One of the strengths of The Summer Isles is that MacLeod does not wallow in the details of his alternate world, although they come out through Brooke's observations. Most importantly, he gives the lie to the idea that "it couldn't happen here." The ideology he has engulf England is Nazism, but there is a strong feeling of the English squire underneath. The result is a chilling culture which demonstrates that fascism and fanaticism can take root in any country.
In the harsh world of The Summer Isles, a thin level of moral uprightness covers a world of hypocrisy and moral questionability. Homosexuality is frowned upon, yet the upperclasses can enjoy nude beaches, charity is a virtue, but only when provided to the correct people. What makes the story even more haunting is the acceptance given the rules of Arthur's Modernism by the otherwise upstanding citizens who focus on their own well-being without worrying about their neighbors, as epitomized by Mrs. Stevens when her neighbors disappeared in a police raid.
Perhaps because The Summer Isles started out as a novel and had the novella extracted, this longer version does not feel padded. Brooke and Arthur's story flows smoothly as Brooke tries to learn what is really going on beneath the veneer of progress, Modernism, in England. In many ways, the novel takes the form of a mystery novel as Brooke begins to make connections from his past to Modern England. While the most important to the plot is his discovery of his own relationship with the young John Arthur, the questions his connections raise drive the story.

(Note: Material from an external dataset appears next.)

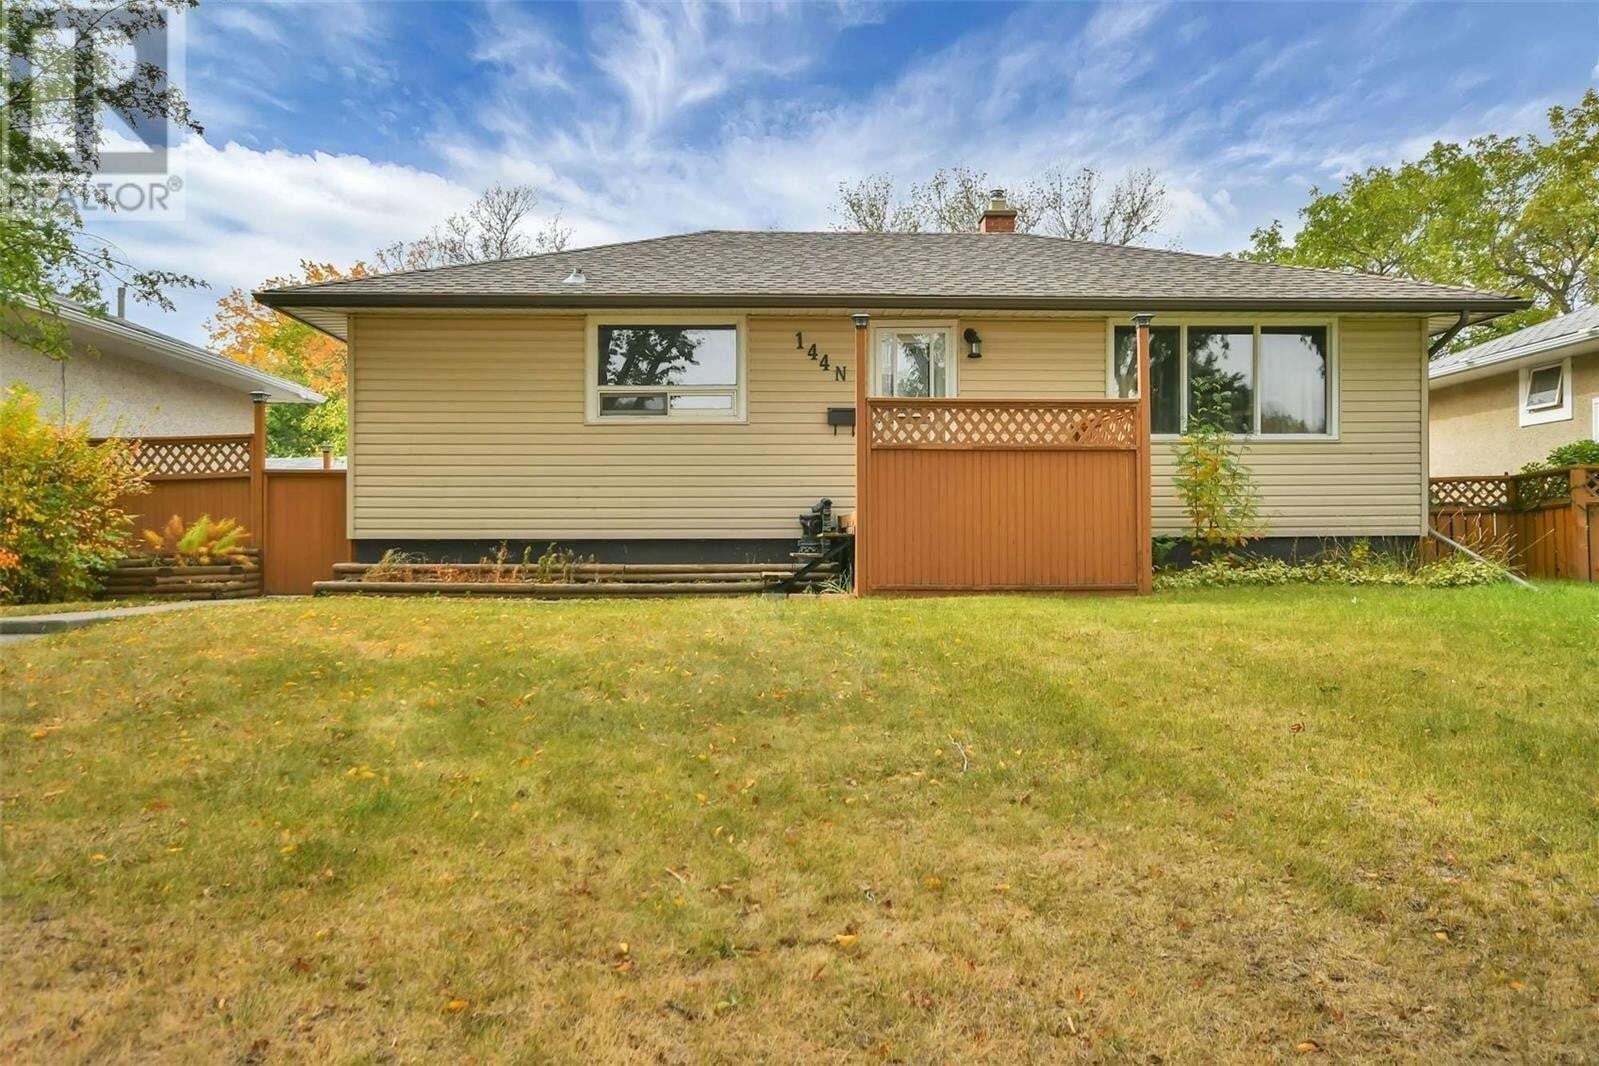 House for sale at 144 Toronto St N Regina Saskatchewan - MLS: SK828155

The Summer Isles is a strong as the previously published novella and adds details to MacLeod's world. In addition to being the tale of Brooke and Arthur, as the earlier story was, the novel presents more of a cautionary tale that everyone must maintain diligence in order to defeat the ever present dangers of tyranny and despotism, no matter how freedom loving a country's rhetoric may be.